─── Data records
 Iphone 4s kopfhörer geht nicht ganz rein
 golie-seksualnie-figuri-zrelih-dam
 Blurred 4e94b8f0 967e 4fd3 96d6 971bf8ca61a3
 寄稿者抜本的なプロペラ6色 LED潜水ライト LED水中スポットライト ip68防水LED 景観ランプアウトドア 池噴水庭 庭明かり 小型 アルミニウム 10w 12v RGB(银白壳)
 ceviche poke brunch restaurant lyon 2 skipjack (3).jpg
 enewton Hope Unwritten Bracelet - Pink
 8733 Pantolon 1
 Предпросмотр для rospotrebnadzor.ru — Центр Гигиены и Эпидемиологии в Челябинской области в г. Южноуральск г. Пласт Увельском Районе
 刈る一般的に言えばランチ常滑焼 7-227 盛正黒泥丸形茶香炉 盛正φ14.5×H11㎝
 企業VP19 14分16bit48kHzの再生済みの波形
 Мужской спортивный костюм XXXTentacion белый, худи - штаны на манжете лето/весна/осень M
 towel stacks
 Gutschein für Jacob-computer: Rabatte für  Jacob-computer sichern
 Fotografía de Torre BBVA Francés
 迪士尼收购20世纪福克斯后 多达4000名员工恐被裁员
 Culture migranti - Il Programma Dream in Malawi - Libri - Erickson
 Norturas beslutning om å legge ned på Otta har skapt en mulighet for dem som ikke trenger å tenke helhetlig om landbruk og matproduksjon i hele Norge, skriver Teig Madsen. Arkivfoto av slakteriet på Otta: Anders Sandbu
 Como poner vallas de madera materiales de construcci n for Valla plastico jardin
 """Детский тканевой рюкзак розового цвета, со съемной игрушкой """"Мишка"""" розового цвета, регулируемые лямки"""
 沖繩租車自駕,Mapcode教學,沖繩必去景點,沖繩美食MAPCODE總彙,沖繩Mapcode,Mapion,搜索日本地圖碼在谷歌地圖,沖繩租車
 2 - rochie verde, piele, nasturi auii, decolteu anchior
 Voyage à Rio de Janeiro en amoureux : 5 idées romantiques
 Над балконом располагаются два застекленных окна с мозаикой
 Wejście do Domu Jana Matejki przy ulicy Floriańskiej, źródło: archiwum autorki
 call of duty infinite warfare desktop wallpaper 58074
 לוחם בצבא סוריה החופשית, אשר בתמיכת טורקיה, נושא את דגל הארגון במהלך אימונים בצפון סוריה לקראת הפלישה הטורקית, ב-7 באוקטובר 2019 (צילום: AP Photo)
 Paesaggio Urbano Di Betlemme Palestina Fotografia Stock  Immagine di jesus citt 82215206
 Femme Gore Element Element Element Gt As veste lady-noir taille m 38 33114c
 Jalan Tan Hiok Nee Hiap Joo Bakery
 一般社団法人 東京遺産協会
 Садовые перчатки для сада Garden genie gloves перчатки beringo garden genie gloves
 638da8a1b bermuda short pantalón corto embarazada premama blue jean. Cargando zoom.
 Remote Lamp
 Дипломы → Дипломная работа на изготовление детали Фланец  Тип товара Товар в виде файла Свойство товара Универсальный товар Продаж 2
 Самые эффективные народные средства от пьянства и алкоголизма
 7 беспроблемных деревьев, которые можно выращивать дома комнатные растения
──────
Where a line contains "Jalan Tan Hiok Nee Hiap Joo Bakery", begin there and output each line through the end of the data above, exactly; give no other lines.

 Jalan Tan Hiok Nee Hiap Joo Bakery
 一般社団法人 東京遺産協会
 Садовые перчатки для сада Garden genie gloves перчатки beringo garden genie gloves
 638da8a1b bermuda short pantalón corto embarazada premama blue jean. Cargando zoom.
 Remote Lamp
 Дипломы → Дипломная работа на изготовление детали Фланец  Тип товара Товар в виде файла Свойство товара Универсальный товар Продаж 2
 Самые эффективные народные средства от пьянства и алкоголизма
 7 беспроблемных деревьев, которые можно выращивать дома комнатные растения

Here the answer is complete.